Freedom of expression and the media has been under siege in Zimbabwe for quite some time, but dwelling on recent events, the state is declaring a standoff against free expression as enshrined in the Zimbabwean constitution.

On 20 July, journalist Hopewell Chin’ono was arrested and charged with the incitement to participate in a gathering with the intent to promote public violence, breaches of peace or bigotry or alternatively incitement to commit public violence as stated in the Criminal Law.

He applied for bail but was denied twice on the 27th of July and on the 6th of August as he failed to “demonstrate any misdirection of fact, law or fact made by the learned magistrate in a quo as would justify interference with his judgement.”

Chin’ono had been extensively using Twitter to denounce rot and corruption in the current government.

He played a pivotal role in boosting the visibility of the anti-corruption campaign on social media and also in unearthing the Drax corruption scandal.

If we were to turn the tables, flip the coin and see how justice has been served on the other side you would realize that the exposed, then health minister Obadiah Moyo was granted bail a day after his arrest. Drax International representative, Delish Nguwaya was denied at the magistrate court and had to go to High Court but he was also granted bail

This is just a reflection of the flip side.

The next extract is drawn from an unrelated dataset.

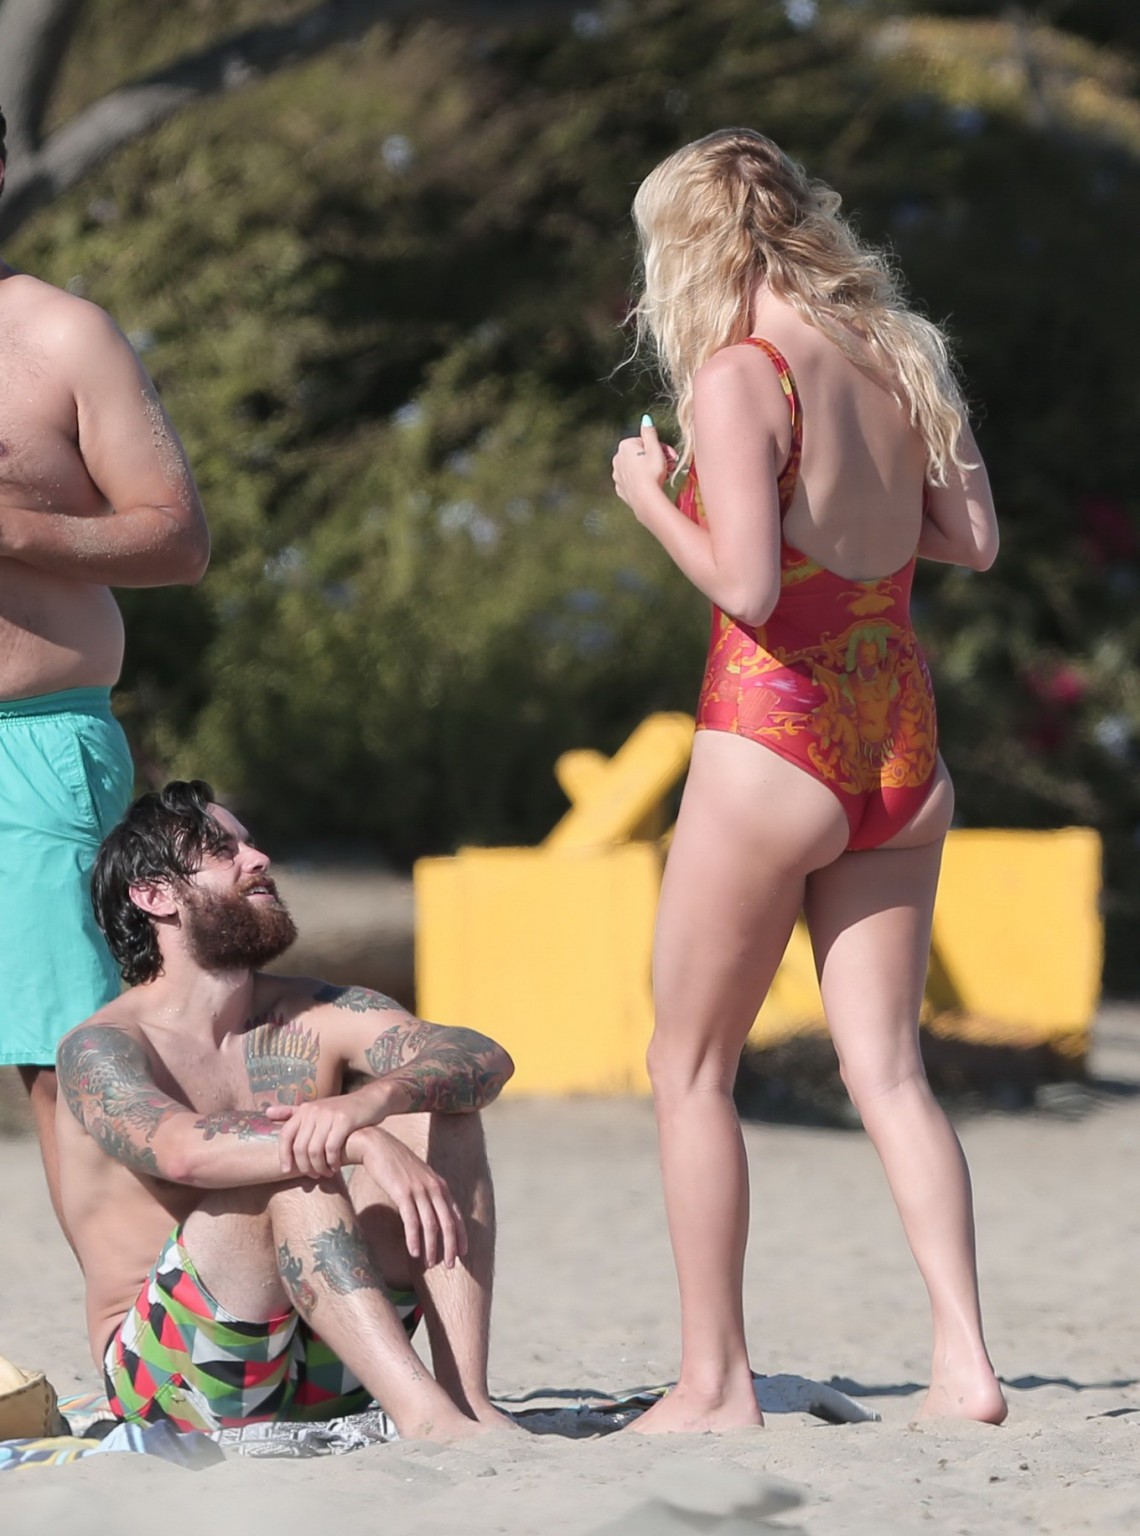 Kesha Sebert busty and booty in a red plunging swimsuit at the beach in Malibu #75187023

On another case, on the 30th of July police ransacked the home of prominent ZimLive editor Mduduzi Mathuthu, who upon realizing he was not home arrested his four relatives.

It was believed by the state that Mathuthu was in possession of subversive material that was going to be used on the 31st of July planned demonstrations against corruption.

In essence, the government of Zimbabwe is waging a war against journalism and the freedom to speak truth to power.

It is the duty of the media as the fourth estate to keep the government in check, speak for the people and even give the citizens a platform for their voices to be heard. Inclusive governance is a consultative process.

Freedom of expression is a basic fundamental right, which should not scare the state but must be used to demand accountability and foster national development.